Adolf is Dead!

The toilets overflowed.  The air reeked of sewage and too many bodies.  The ground shook from a constant artillery bombardment that knocked concrete chunks from the ceiling. Some inmates risked death aboveground just to get a breath of less rancid air. 

Under the ruined flower beds in the garden of the New Reich Chancellery, diehard loyalists huddled in the Fuhrerbunker.  Most stayed drunk, even in the presence of Hitler who was a teetotaler.  He didn’t notice because he was higher than a kite on drugs.  

For years, a quack named Dr. Morell had given Hitler pills that contained a variety of ingredients from herbs to strychnine.  Hitler also began using cocaine to reduce pain from injuries he sustained in the July 1944 assassination attempt. In the last two weeks of his life, Hitler took ten times the prescribed daily dosage of cocaine.

A steady stream of visitors flowed through the bunker. Party functionaries sought promotions in a soon-to-be-outlawed political party. Government ministers promised undying loyalty to their Leader before fleeing from the Soviets. Military men attended meetings at which Hitler shuffled non-existent armies around the map.  Everyone knew the end was near. Soviet Russian armies swarmed around Berlin. 

the-stars-and-stripes-extra-836027__340.jpg

Hitler could never win because he offered a world without hope. He saw everyone as a pawn to be used to serve his personal interests. He demanded absolute loyalty but casually betrayed everyone. He believed in survival of the fittest and winning at any cost.  Like Putin’s Russia today, in Nazi Germany, the powerful jockeyed to get close to Hitler and then used their position to steal what they wanted.  The law existed to protect the powerful.

To disguise the inequities of his regime, Hitler told ordinary citizens that life was unfair to them because of the malign influence of Jews, communists and journalists who reported the regime’s excesses and anyone who opposed him.  He promised to make Germany great again by erasing the degradation of losing World War I. 

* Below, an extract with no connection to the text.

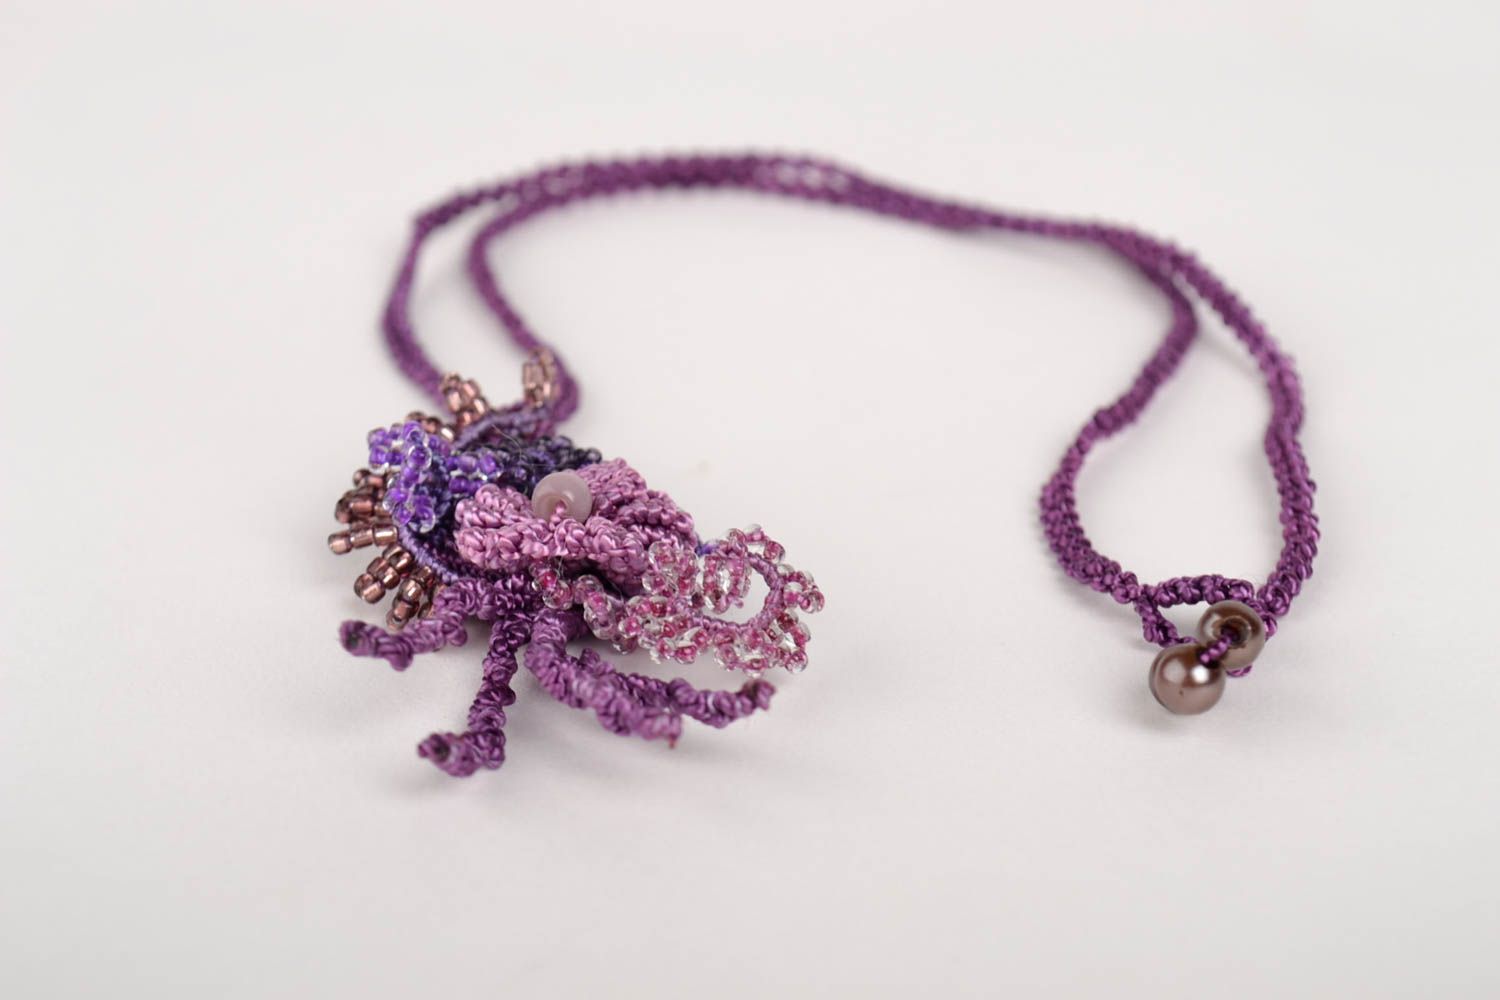 Woven pendant handmade thread jewelry macrame bijouterie gift for women photo 3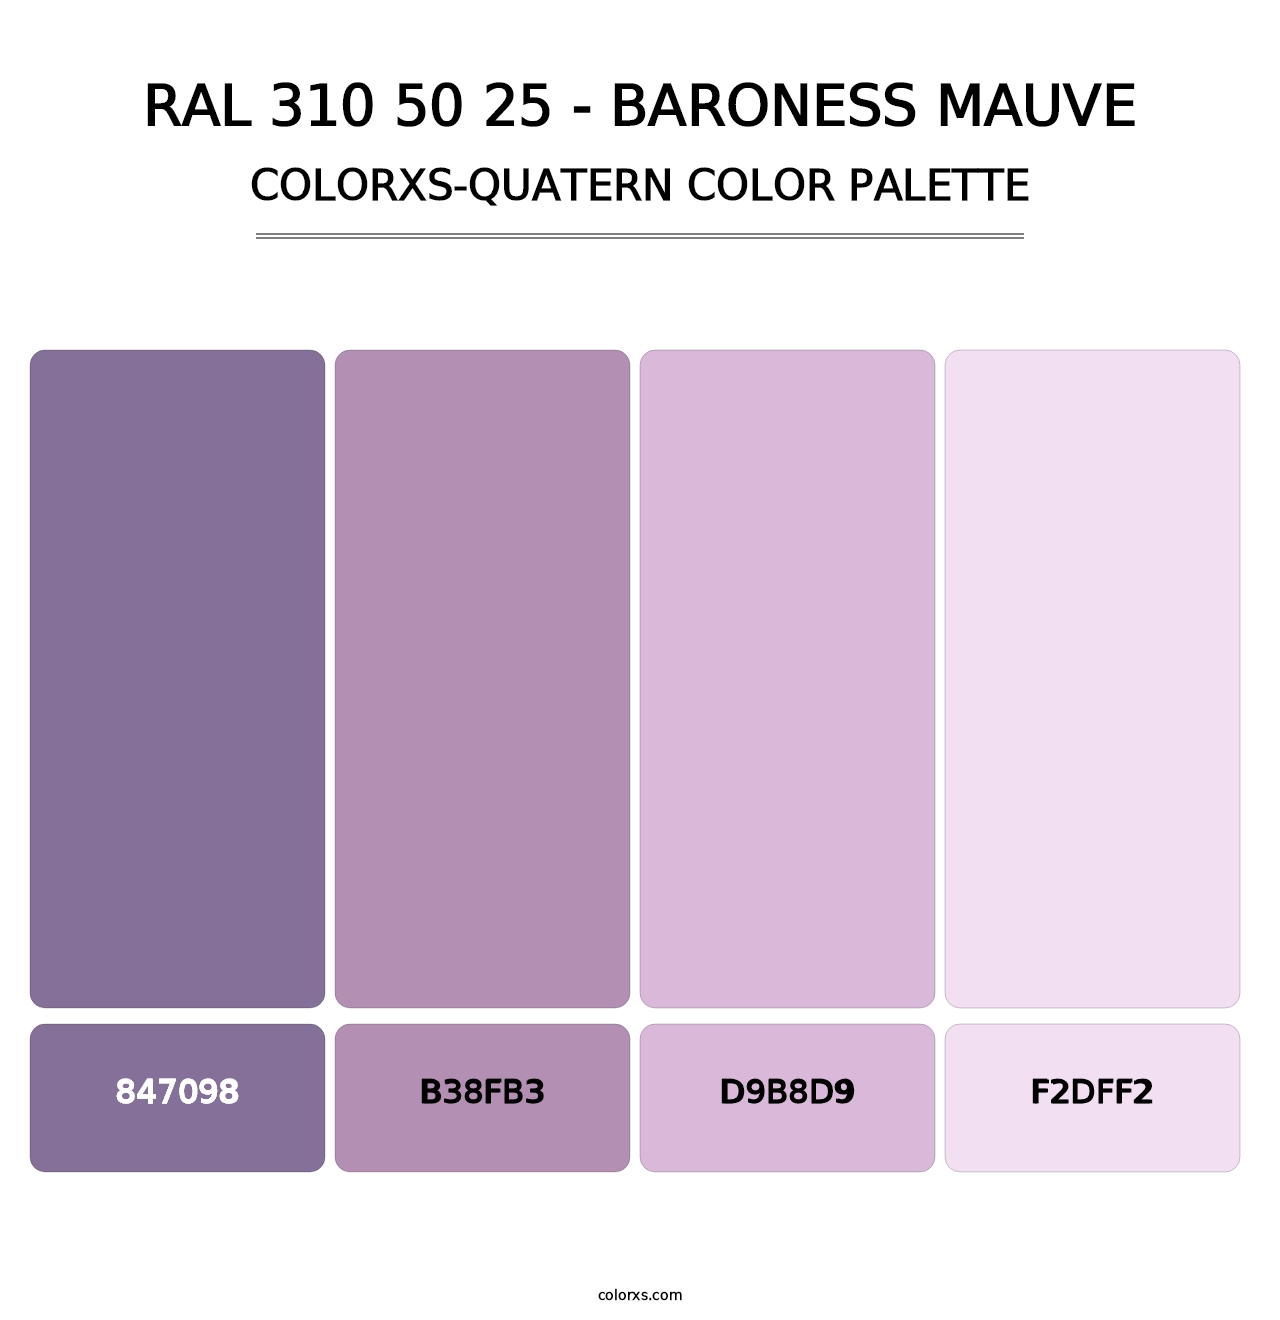 RAL 310 50 25 - Baroness Mauve - Colorxs Quatern Palette

But it was all a lie. There was no glorious Aryan past because Germany was a brand-new nation formed in 1870 after the wars of unification engineered by Otto von Bismarck.  The Aryan myths pedaled by Hitler were actually Norse myths recycled through the operas of Richard Wagner.  Both the Norse myths and Wagner’s operas end in the destruction of the world.  

As the war losses mounted, Hitler ordered his troops to scorch the earth. If he couldn’t win, then no one deserved to live.  On the eastern front, his troops left a swath of destruction hoping to slow the Soviet advance.  But Paris and Rome are mostly intact today because their military commanders ignored Hitler’s orders to burn them to the ground.  

As Hitler huddled in his Berlin bunker and finally accepted that the war was lost, he blamed his followers, saying they weren’t worthy of him. On April 30, 1945, Hitler and his wife of one day, Eva Braun committed suicide in the bunker.  Their bodies were burned in a bomb crater in the garden using gasoline siphoned from Chancellery vehicles.  The war in Europe ended May 8, 1945.

An authoritative account of Hitler’s last days is Inside Hitler’s Bunker: The Last Days of the Third Reich, by Joachim Fest (2004 translation by Margot Bettauer Dembo).  An account with a wider cast of witnesses is The Bunker, by James P. O’Donnell (1978).  An account told primarily from the viewpoint of Hitler’s youngest secretary, Traudl Junge, is Voices From the Bunker, by Pierre Galante and Eugene Silianoff (1989).  Rochus Misch, the last eyewitness, died in 2013.